Work order:
Please return the listing below exactly, without any of its pictures.

Supplied material:
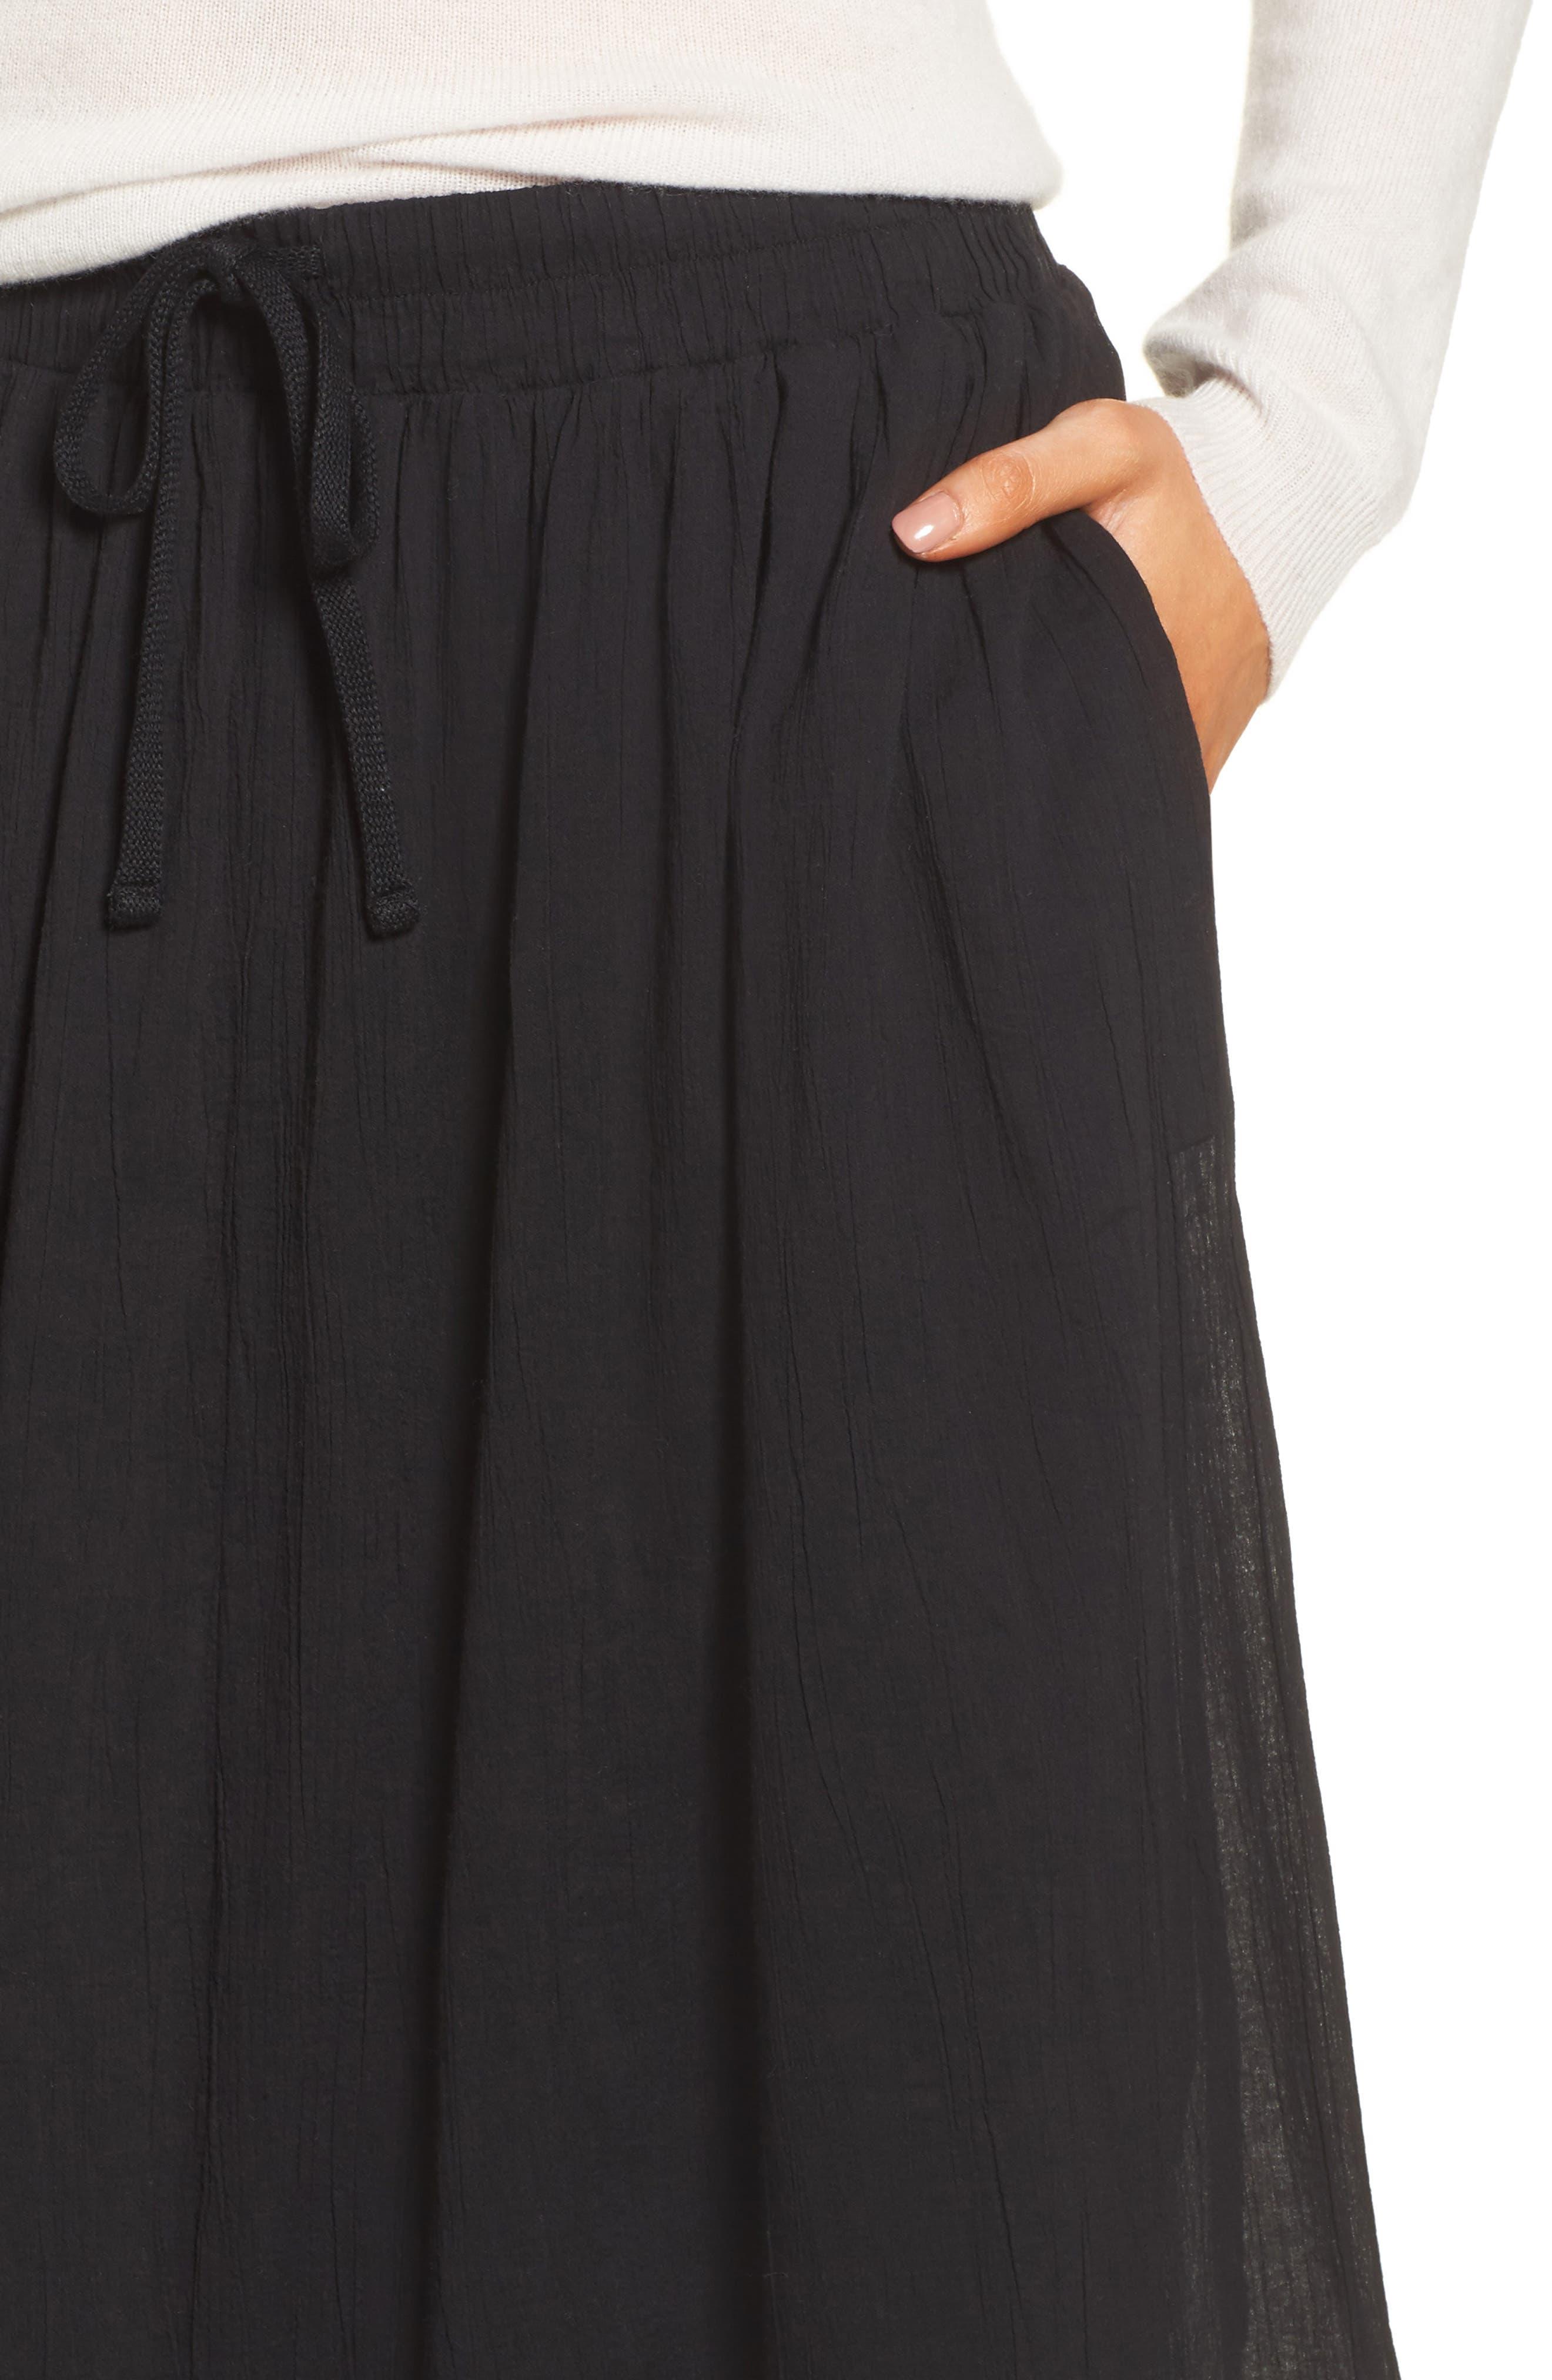 Gauze Midi Skirt,                             Alternate thumbnail 4, color,                             001
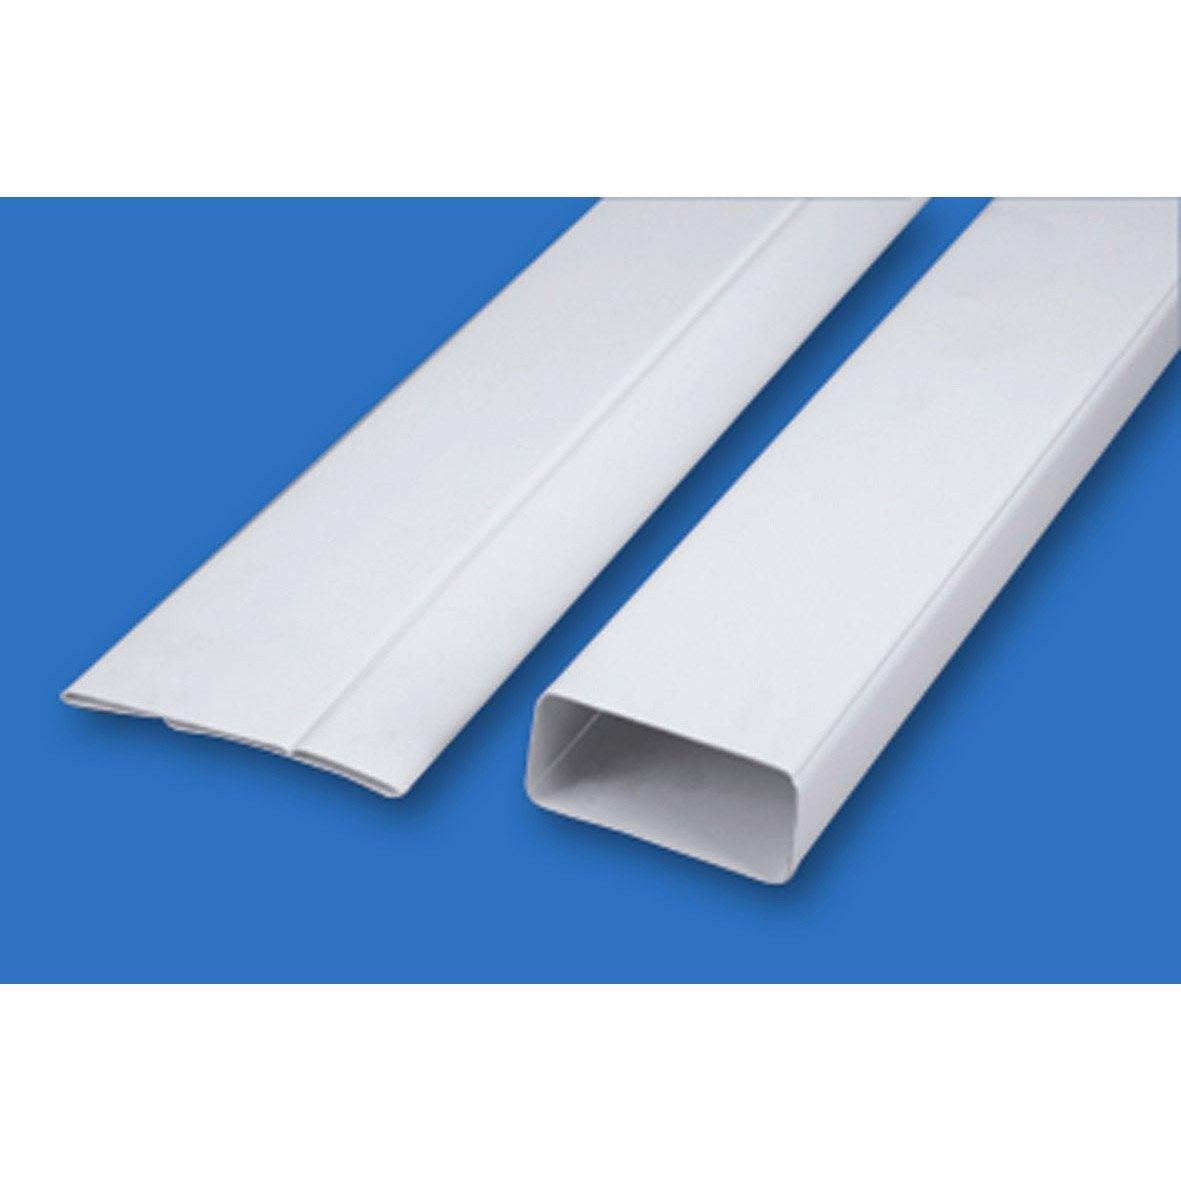 Tube rectangulaire rigide plat pvc s p 100 mm 100 mm 1 - Friso pvc leroy merlin ...
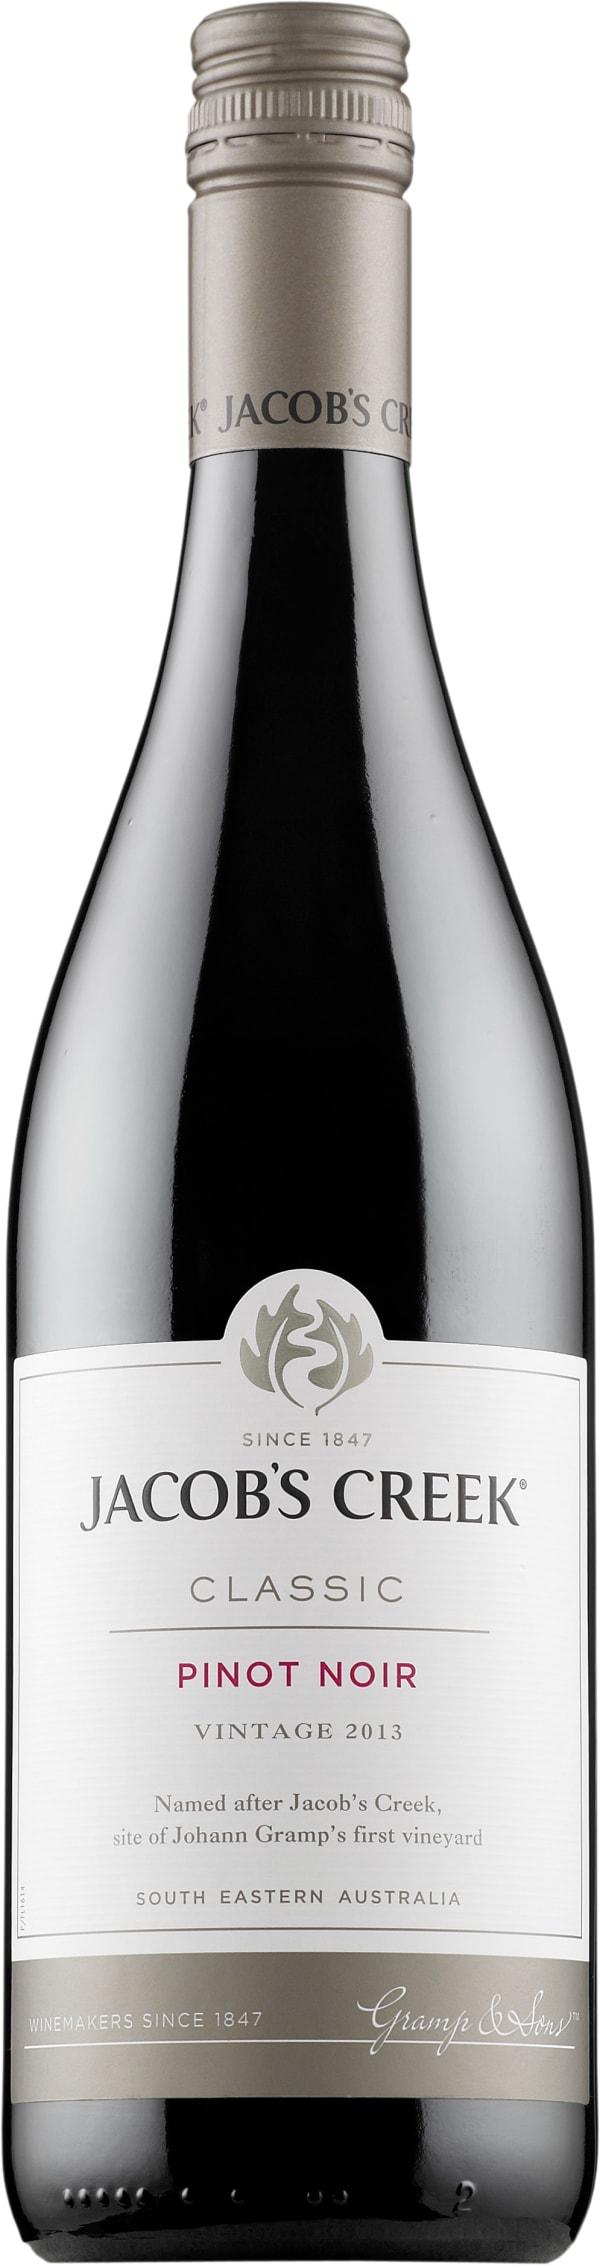 Jacob's Creek Pinot Noir 2019
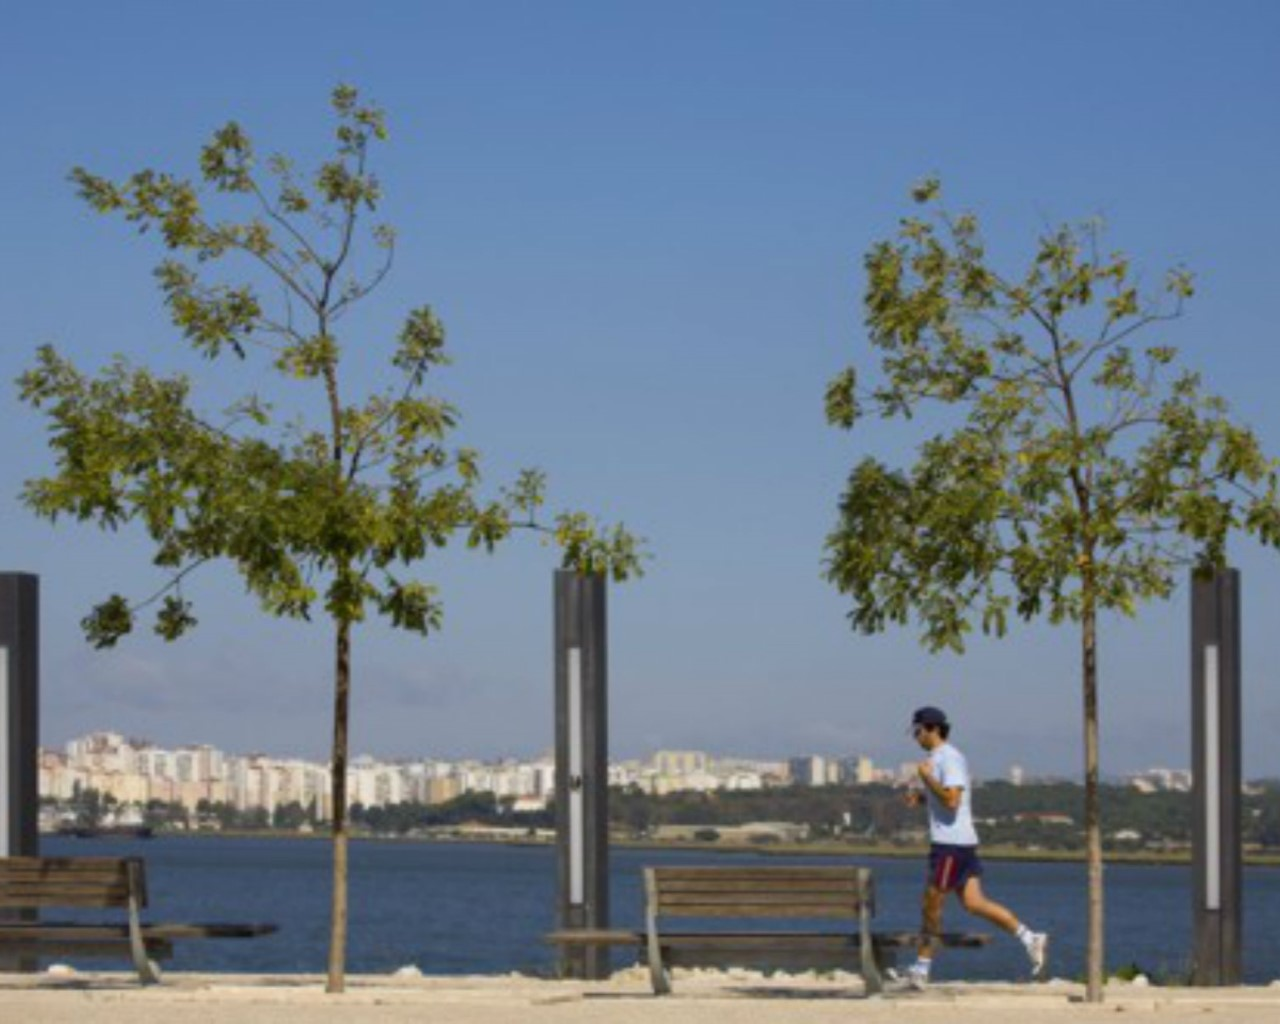 Promenade aménagée Seixal

Exercise solution:
 Gauze Midi Skirt,                             Alternate thumbnail 4, color,                             001
 Tube rectangulaire rigide plat pvc s p 100 mm 100 mm 1 - Friso pvc leroy merlin ...
 Jacob's Creek Pinot Noir 2019
 Promenade aménagée Seixal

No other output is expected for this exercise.